THE TASK = No pictures, please: print exactly the lines from the one that contains "House music / Vogueの再生済みの波形" through the last line of the listing.

*** SUPPLIED INFORMATION Section Begins ***

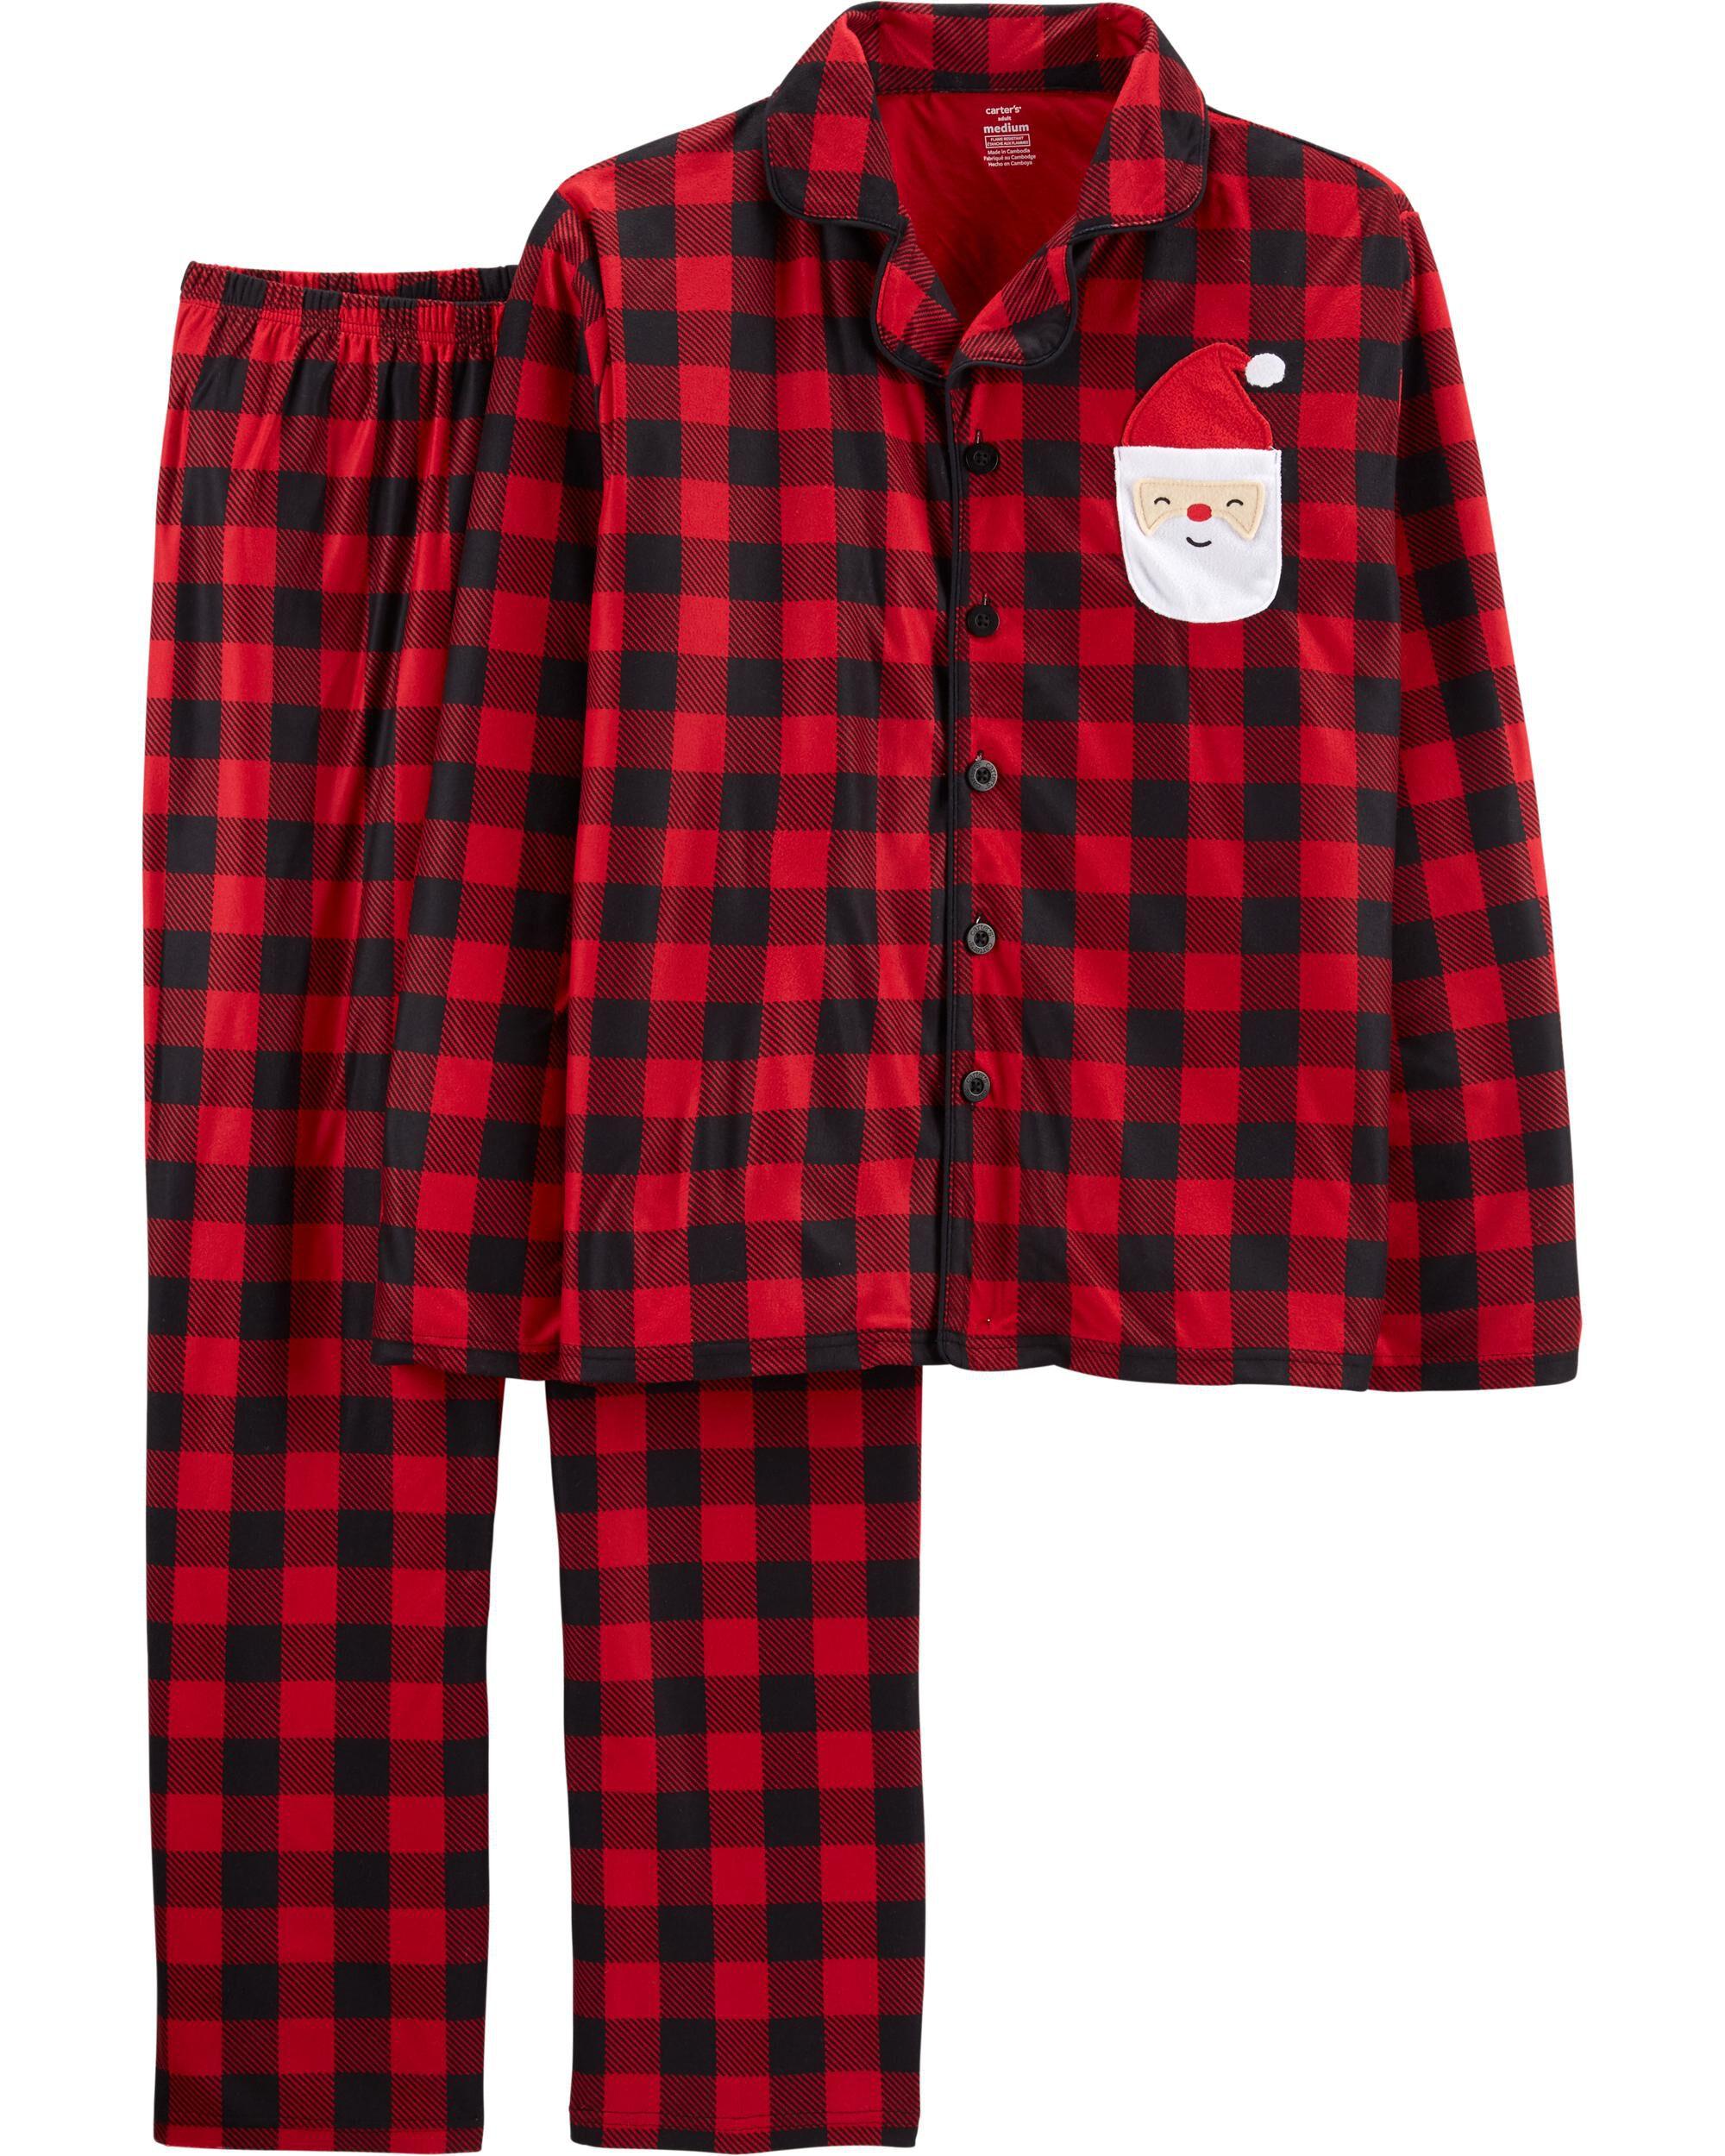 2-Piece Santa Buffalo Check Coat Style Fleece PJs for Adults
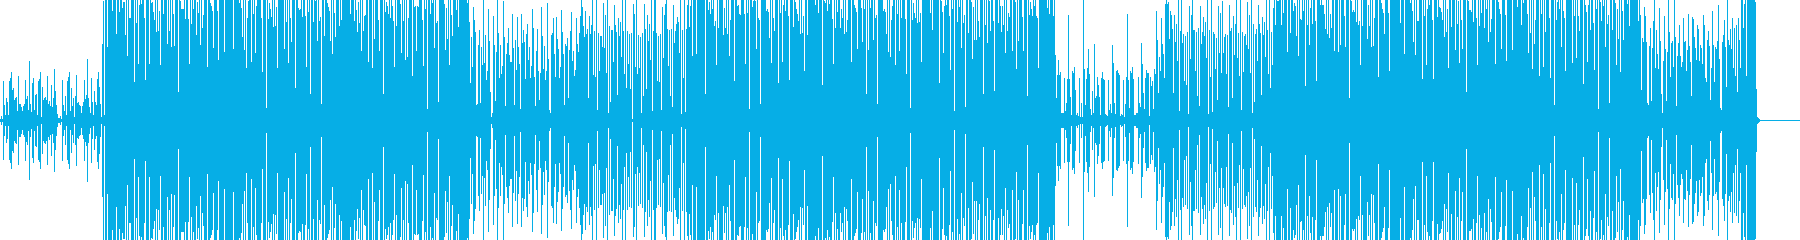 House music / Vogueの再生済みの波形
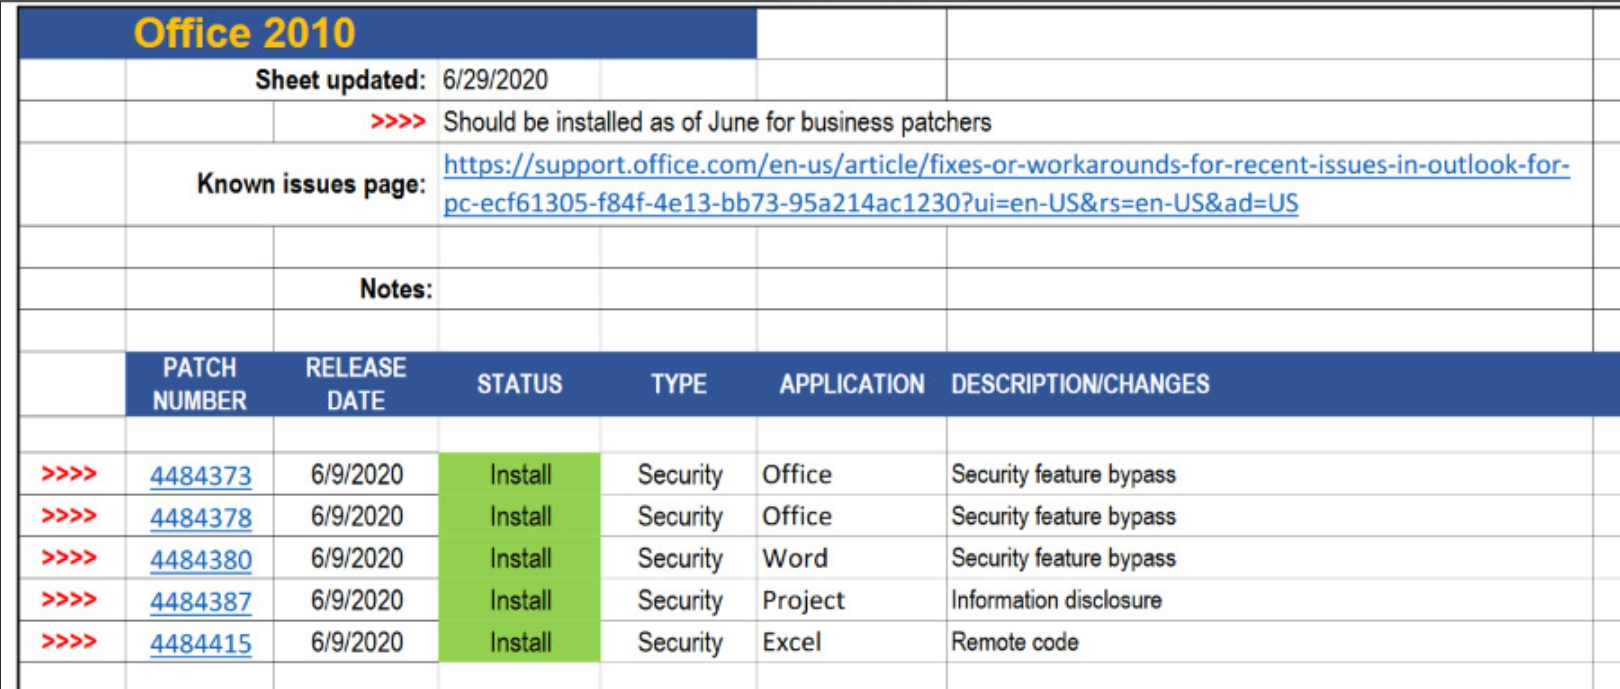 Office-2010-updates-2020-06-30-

*** SUPPLIED INFORMATION Section Ends ***

REPLY TO THE EXERCISE =
 House music / Vogueの再生済みの波形
 Office-2010-updates-2020-06-30-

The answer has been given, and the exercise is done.